For a young spinout like Verismo, however, access to UPenn's facilities and cell manufacturing system, which have been used in countless CAR T-cell therapy trials, is invaluable. Johnson noted that in her experience, the vast majority of engineered cell immunotherapy studies have failed due to manufacturing challenges.
"People just don't have the experience really, in this new field, to know just how much is involved," Johnson said, explaining that for now, Verismo is going to use the "if it's not broken, we're not going to fix it" approach, and use the exact manufacturing protocol that has worked for what Johnson estimates to be many hundreds of UPenn CAR T-cell therapy trials. The only difference would be the KIR-CAR tweak in place of the CAR.
Should Verismo's therapy succeed in early studies and reach a point where the firm must scale up manufacturing, either for much larger clinical trials or commercial use down the line, Johnson said that the firm would consider looking toward new models to meet greater demand. Given the well-documented cost, logistical, and access barriers seen with marketed CAR T-cell therapies, a number of firms are considering automated manufacturing and innovative place-of-care models to try to ensure that more patients can access their cell therapies.

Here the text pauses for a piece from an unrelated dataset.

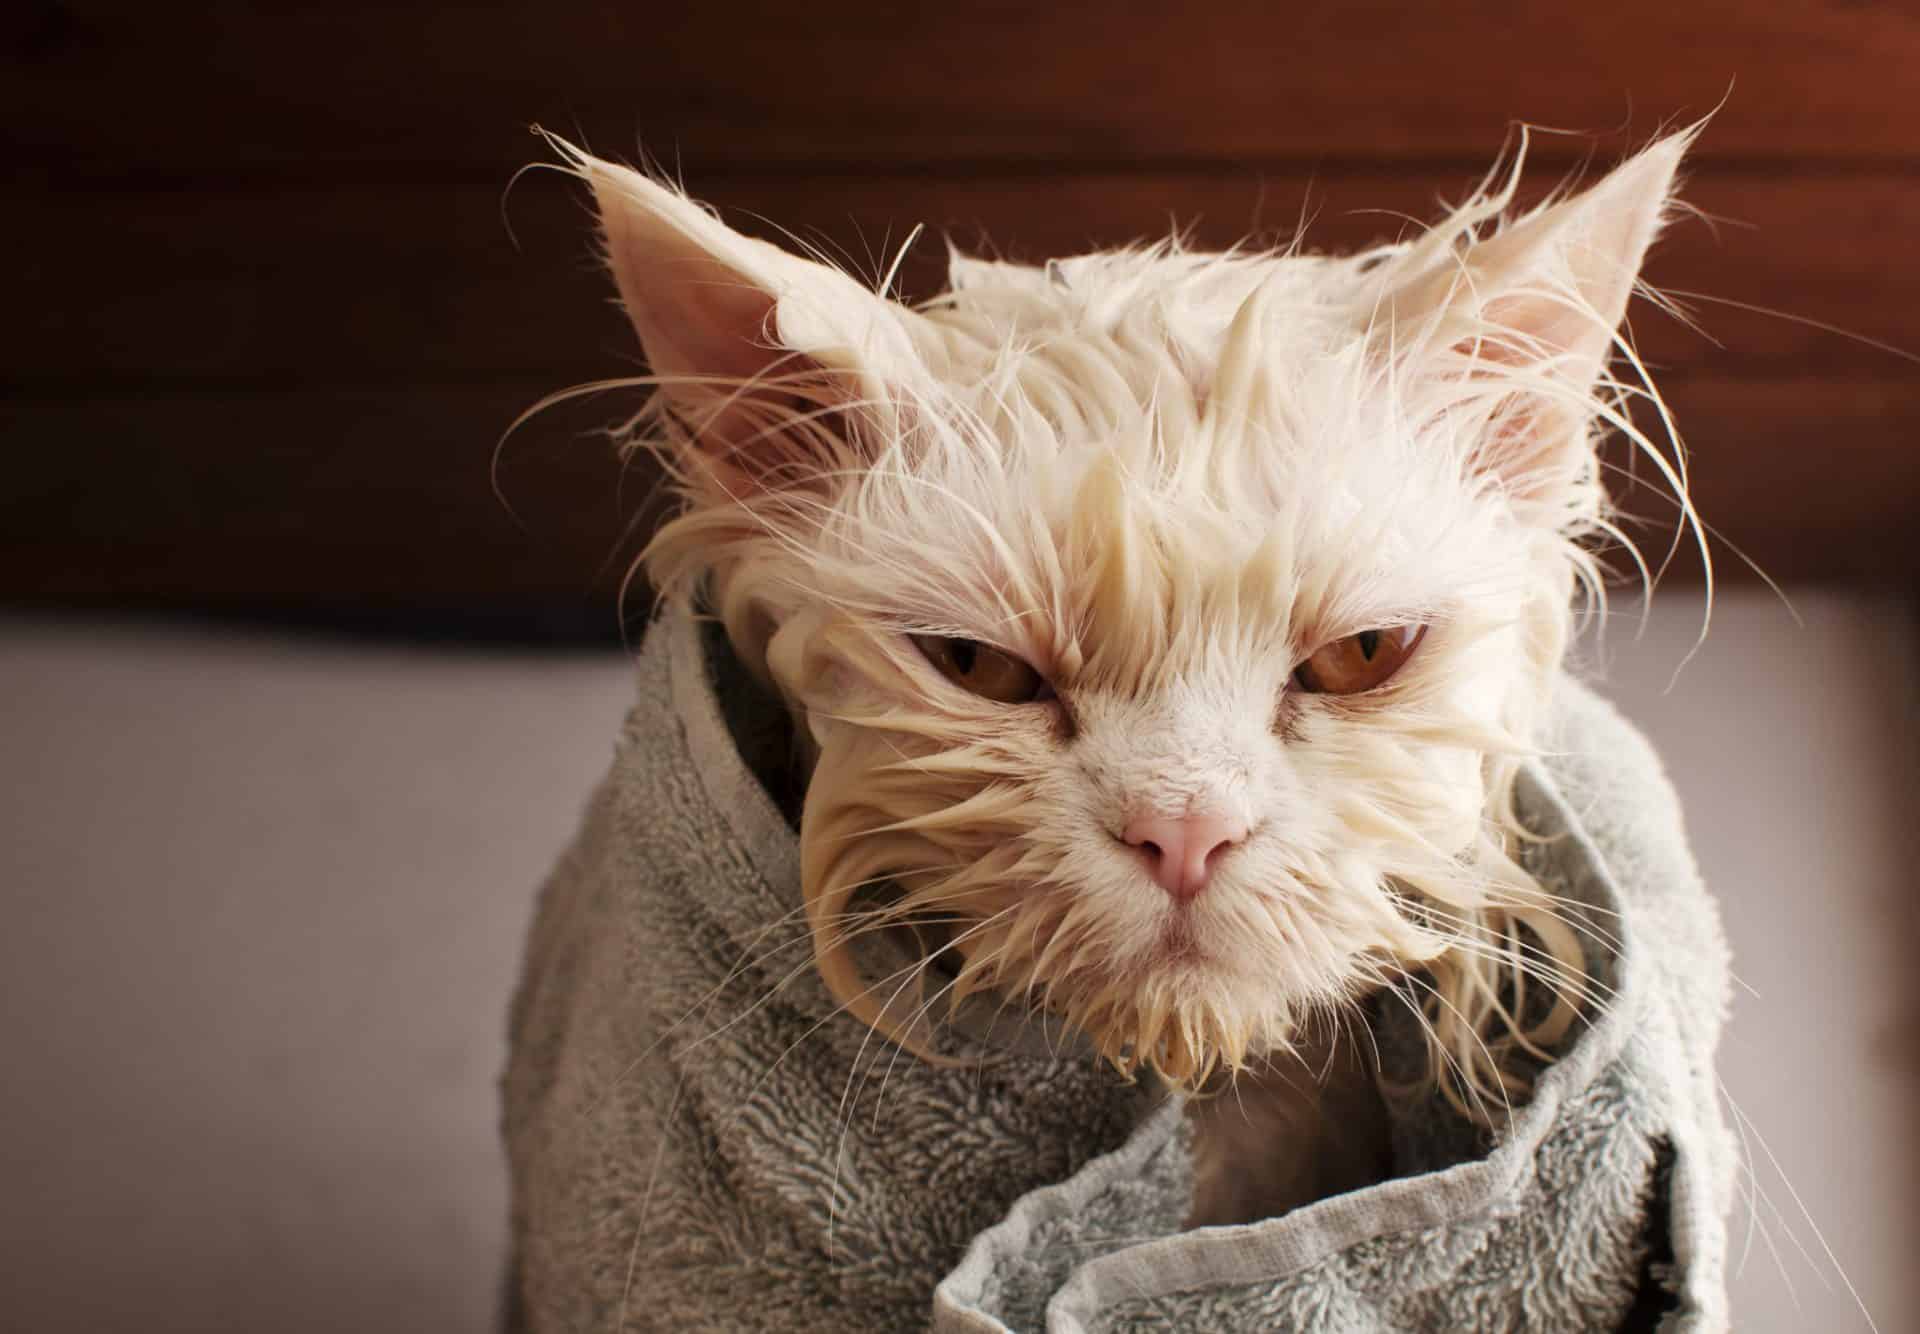 Bath a cat

"We are very excited to see other companies that specialize in new manufacturing techniques and formulations and methodology, and we watch them very closely, because ideally we could potentially utilize that down the line," she said. "But for our first-in-human trials, we want to stay with what's been shown to work and what the FDA is comfortable with."

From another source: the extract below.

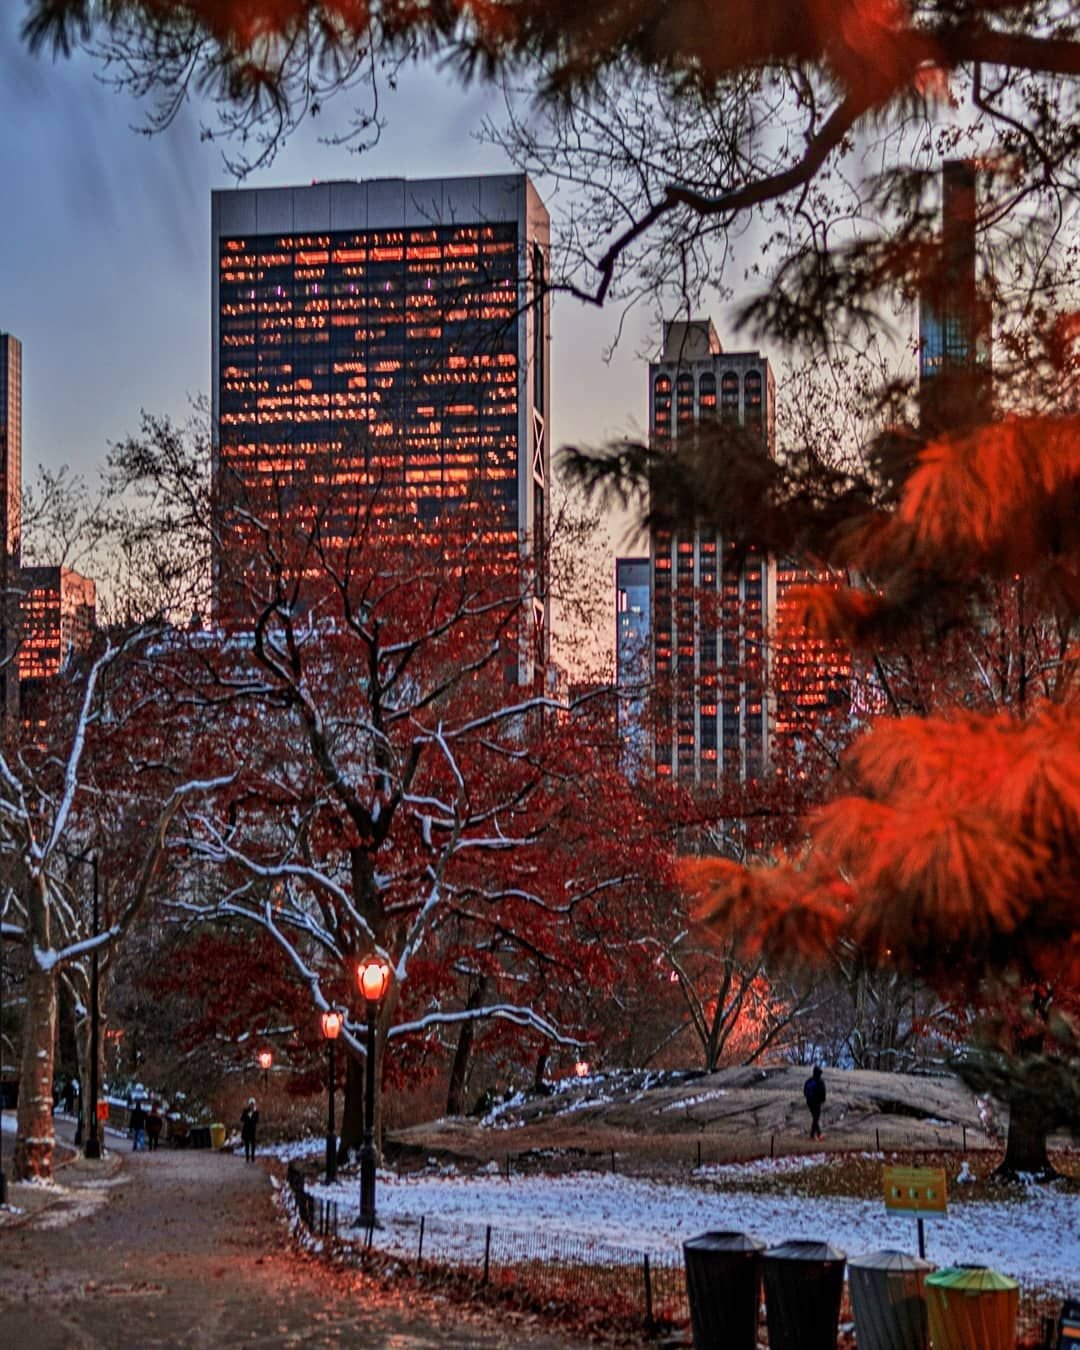 Осень в Нью-Йорке Центральный парк

Verismo's risk-averse approach may be prudent in the short term, but down the line, if necessary, shifting from manual manufacturing processes to automation or novel systems is far easier said than done. This is partly because, for these bespoke therapies, the manufacturing process is an integral part of the treatment from a regulatory standpoint, and changing protocols from manual to automated systems can transform a therapy into what the FDA would consider to be an entirely different product.
Johnson said these concerns have been on her mind while working on the IND for synKIR-meso. "In some cases, if you even consider changing a reagent or a machine, it can be considered a completely different drug product," she acknowledged.
Still, for now, Verismo has confidence that bridging trials, coupled with the firm's collective years of cell therapy expertise will allow it to navigate the relatively new and evolving regulatory landscape for cell therapies. Johnson herself worked previously in Steven Rosenberg's lab at the National Cancer Institute, and CAR T-cell therapy pioneer Carl June is the firm's founding adviser.
"As long as you stick to biologic basics, logic, and common sense, and do things in a [good laboratory practice] manner, the FDA seems to be very agreeable," Johnson said. "I'm not concerned."